What does CPOP require as inputs?

CPOP typically uses two training data in the training steps. This is because the original motivation of CPOP is to find predictive features across different platforms. As such, having two training data of difference sources helps to recreate a practical situation where the validation data is independent of the training data.

In the past, CPOP was applied to datasets of the same disease by generated on different platforms (e.g. microarrays/RNA-Seq/targeted assays). However, this concept of finding common predictive features across multiple input data can be extended to other situations (e.g. multiple studies/batches).
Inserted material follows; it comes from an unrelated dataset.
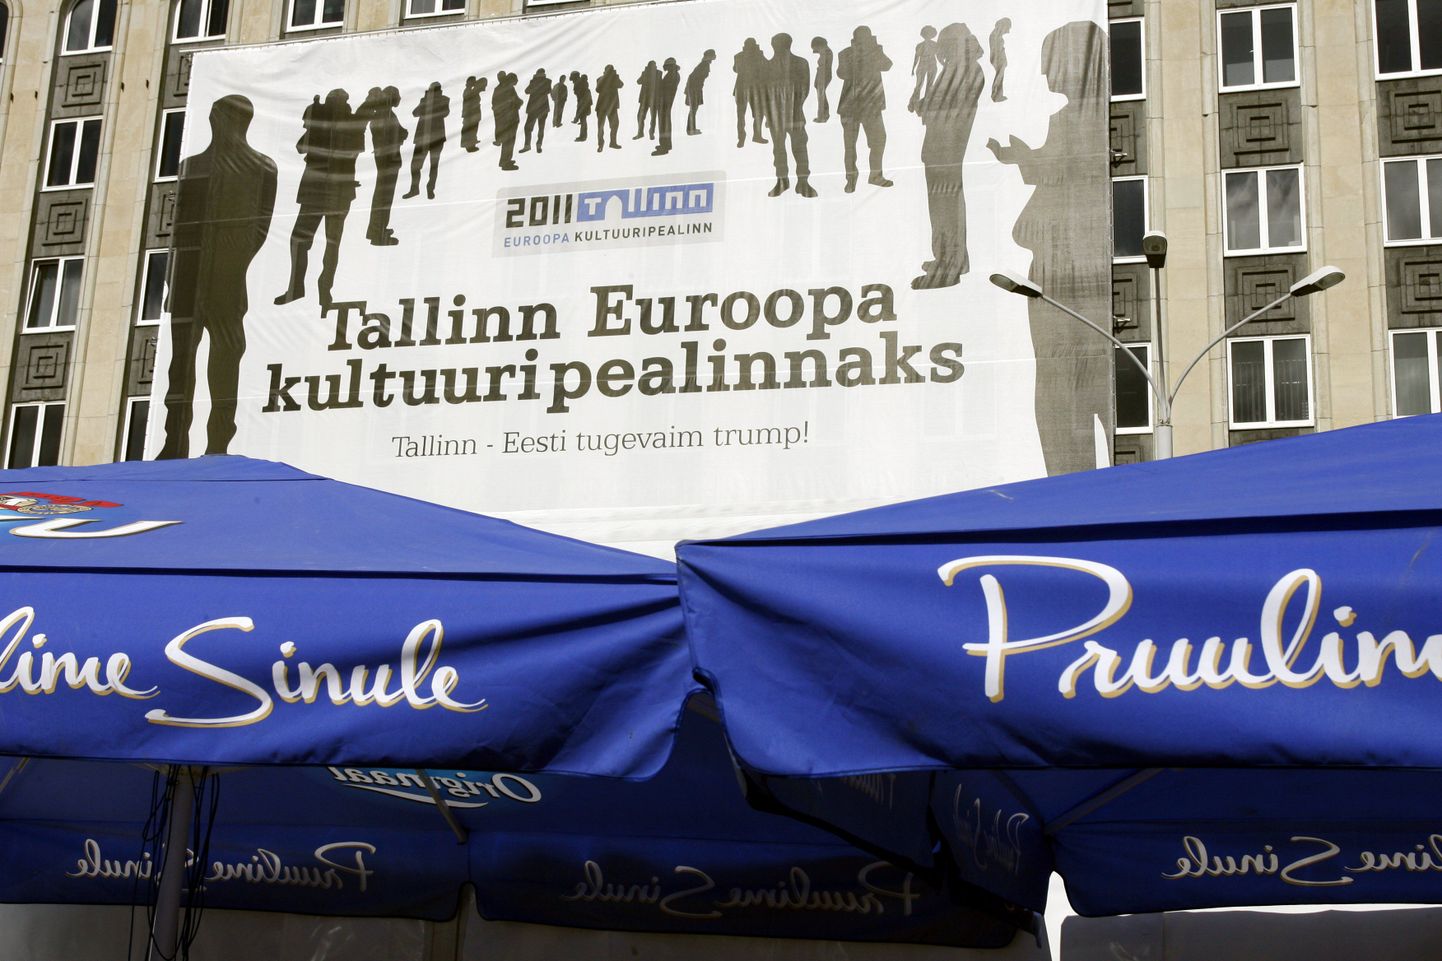 Plakat ajast, kui Tallinn alles kandideeris Euroopa kultuuripealinnaks.

What are the features coming out of CPOP?

CPOP uses pairwise differences between columns as features. This means that we have an input data, x for a predictive problem, CPOP will first construct a matrix, z, where each column of z is the difference between different columns of x, i.e. z1 = x1 - x2, z2 = x1 - x3 and so on. However, when using the CPOP package, the cpop_model() function handles this matrix construction step in the intermediate steps, so the users can focus on the final result.

This use of features in model construction is unlike most machine learning methods out there which uses x directly. This is because in most omics data, the values of x are typically dependent on study conditions, e.g. platform/cohort/technicians. Through experimentation, we found that the columns of z is likely to be better preserved across these conditions. This stability is important for reproducibility and consistency in prediction values between different datasets.

Can CPOP handle high dimensional data? e.g. Full scale RNA-Sequencing.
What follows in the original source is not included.